-- Source data --
• • • •
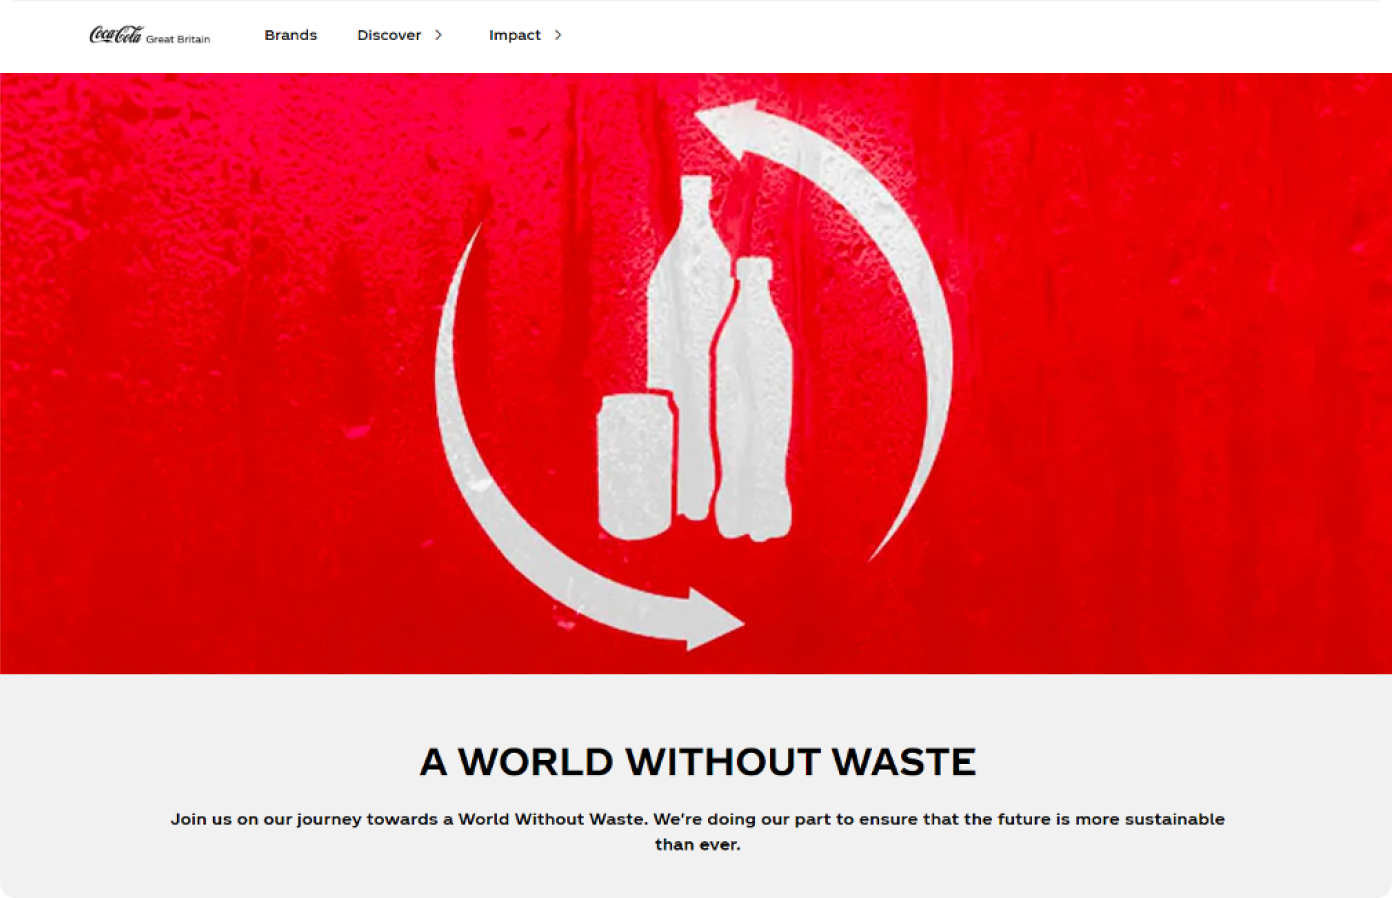 В настоящий момент Coca-Cola реализует множество эко-инициатив. Например, бренд стремится сократить объем выброшенной тары и объявляет о намерении к 2030 году переработать одну бутылку или банку из каждой проданной упаковки.
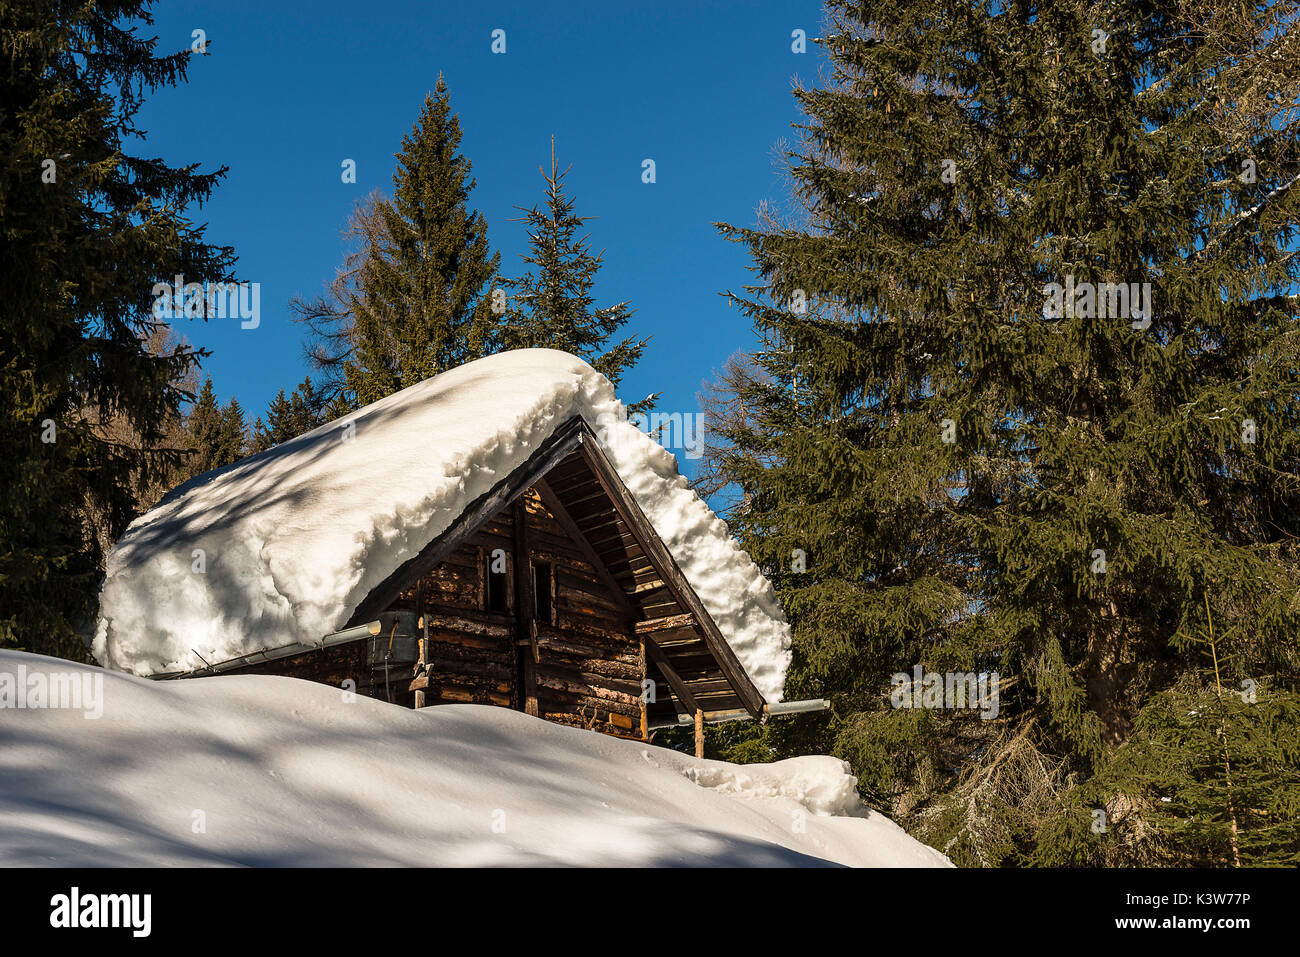 L'Italia, Trentino Alto Adige, Val di Non, neve sul tetto di una capanna in un inverno segnato dalla forte nevicata. Foto Stock
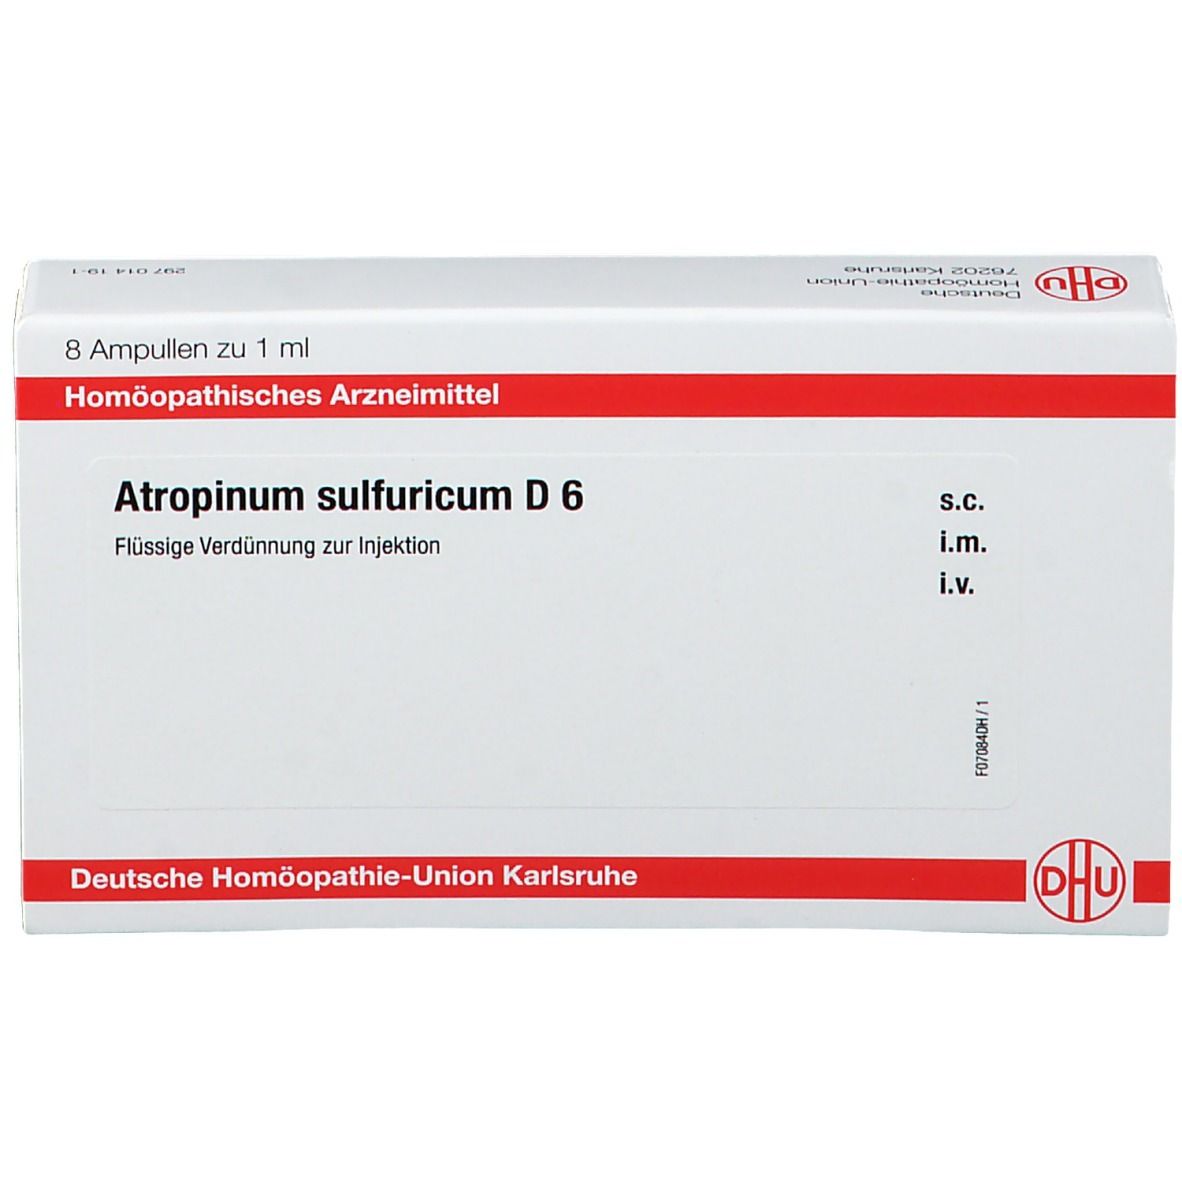 DHU Atropinum Sulfuricum D6
• • • •
-- Task details --
The material above is to be set down exactly, with pictures removed.

-- Output below --
 В настоящий момент Coca-Cola реализует множество эко-инициатив. Например, бренд стремится сократить объем выброшенной тары и объявляет о намерении к 2030 году переработать одну бутылку или банку из каждой проданной упаковки.
 L'Italia, Trentino Alto Adige, Val di Non, neve sul tetto di una capanna in un inverno segnato dalla forte nevicata. Foto Stock
 DHU Atropinum Sulfuricum D6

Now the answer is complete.